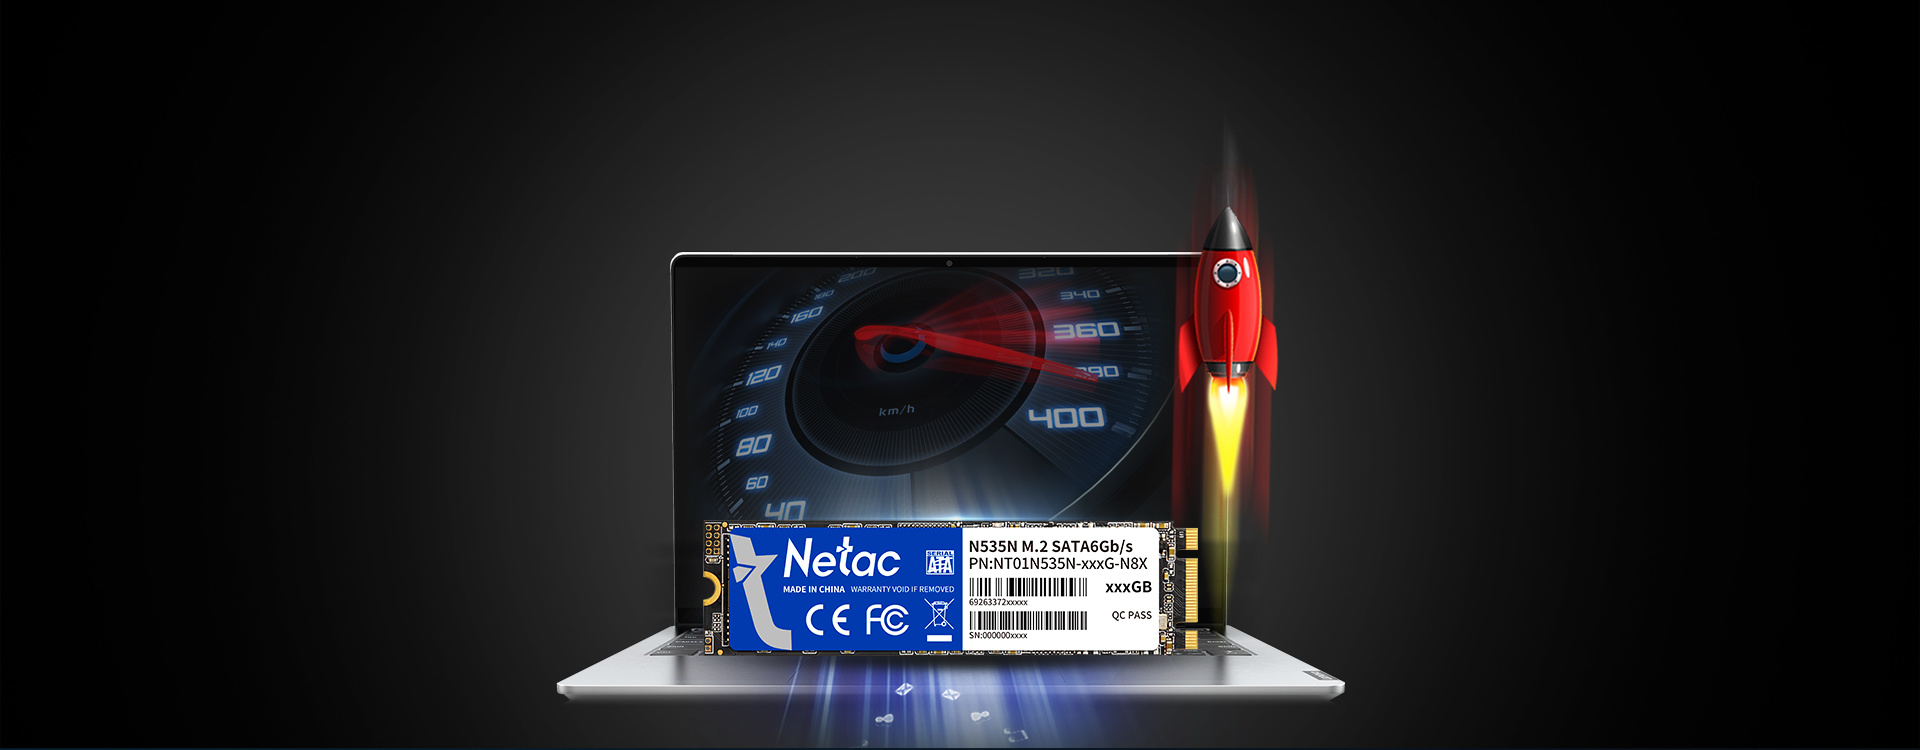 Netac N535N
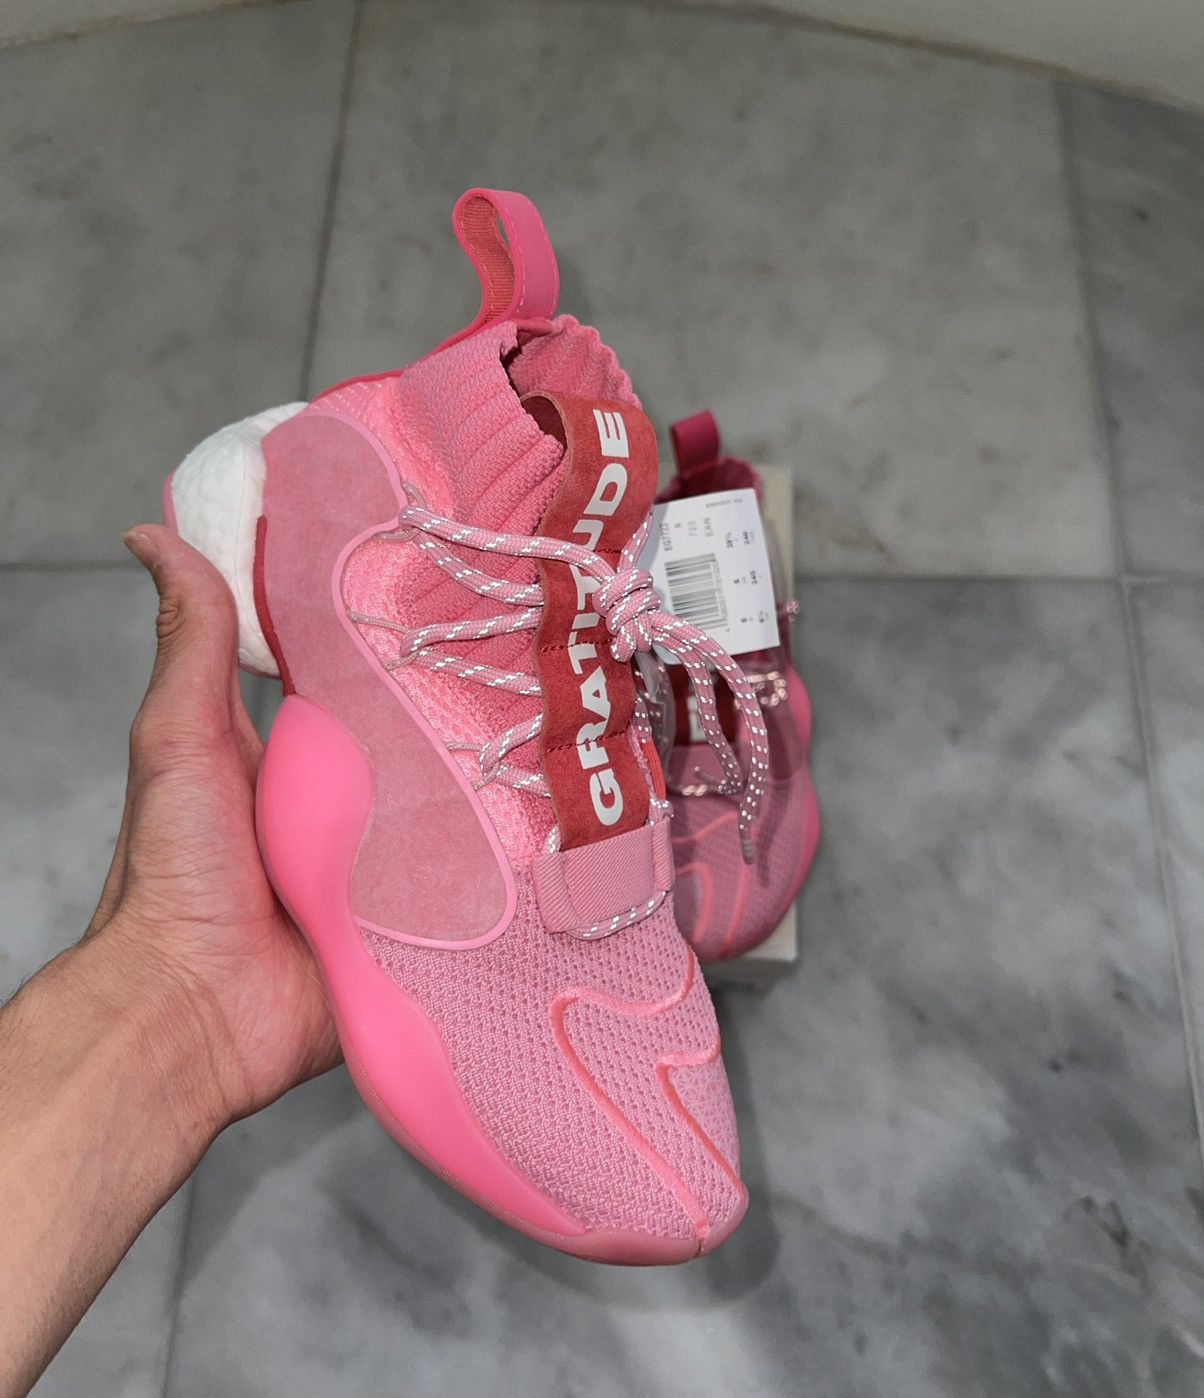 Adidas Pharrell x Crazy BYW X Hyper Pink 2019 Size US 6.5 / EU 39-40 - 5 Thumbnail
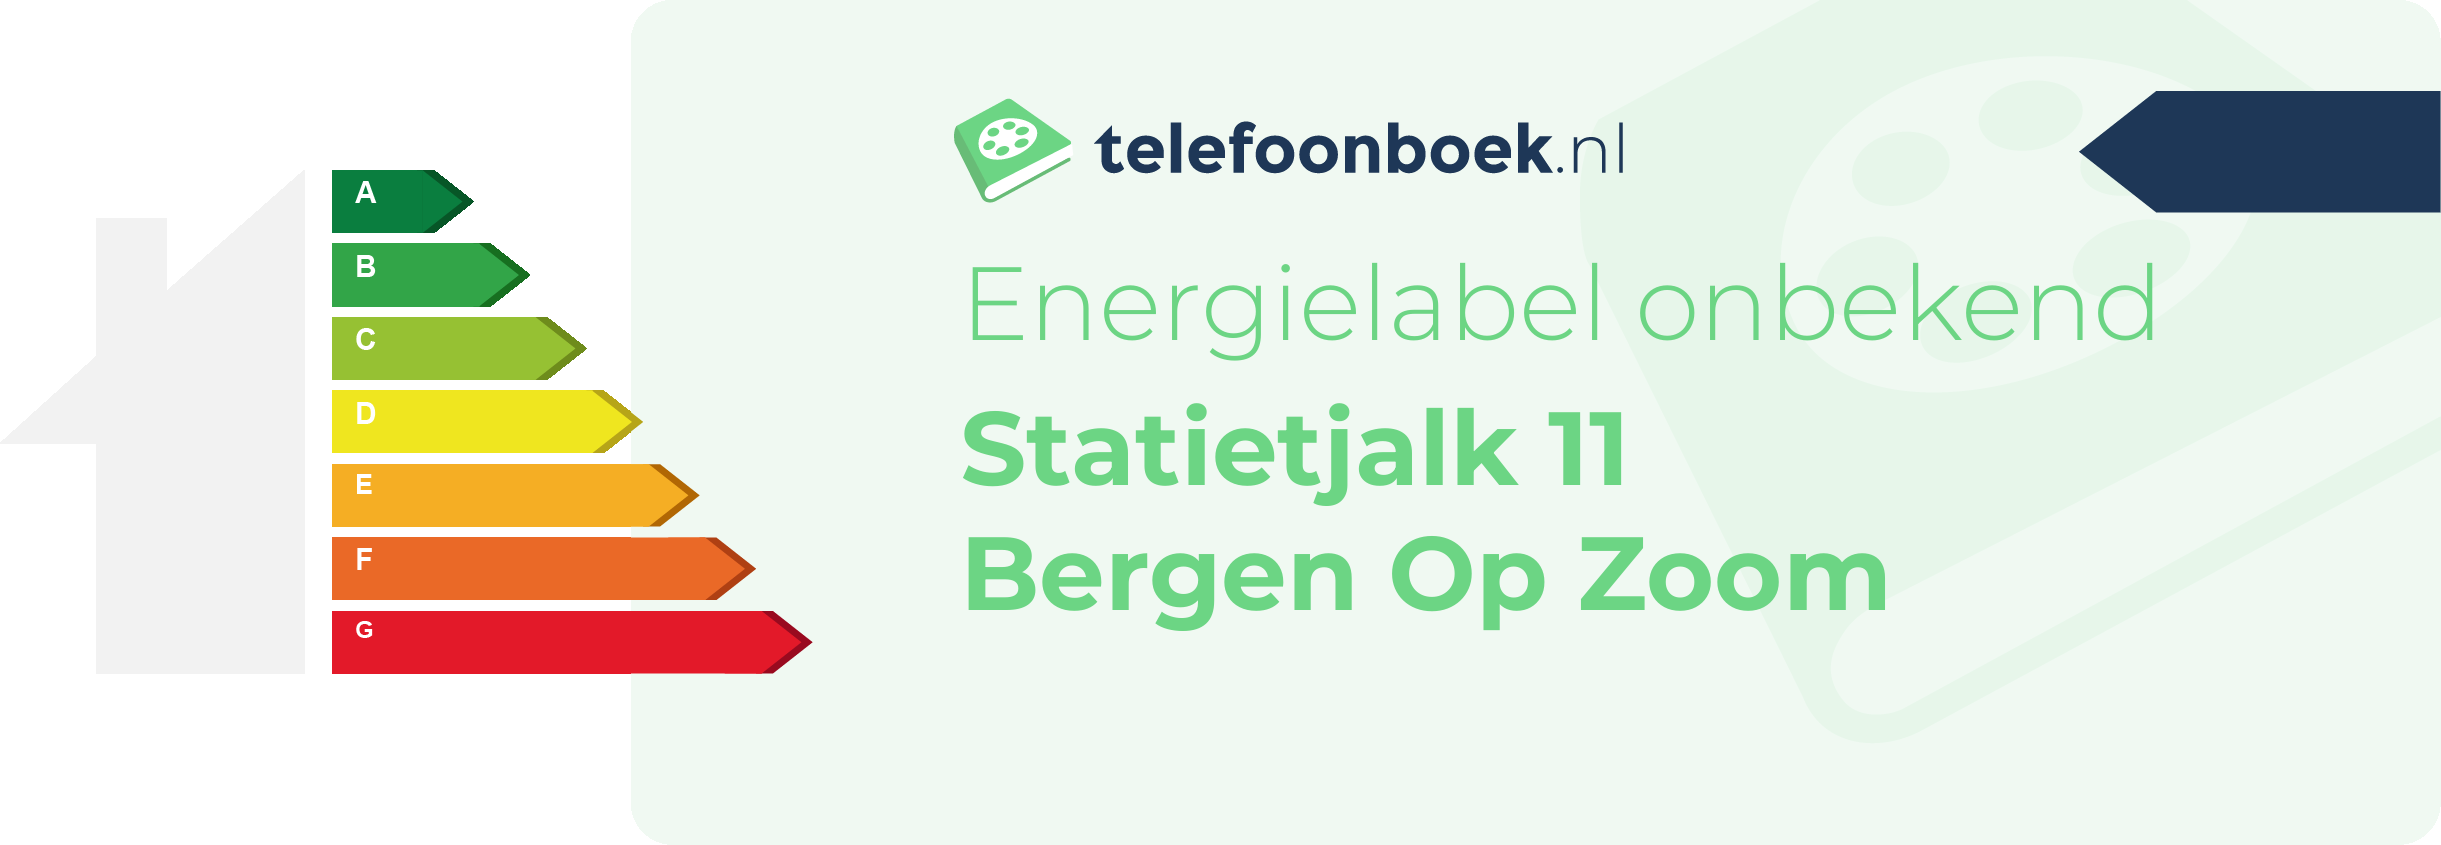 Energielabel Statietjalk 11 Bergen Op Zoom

## Exercise directions
I'd like the material duplicated exactly, without its pictures.

## Response to the exercise
 Netac N535N
 Adidas Pharrell x Crazy BYW X Hyper Pink 2019 Size US 6.5 / EU 39-40 - 5 Thumbnail
 Energielabel Statietjalk 11 Bergen Op Zoom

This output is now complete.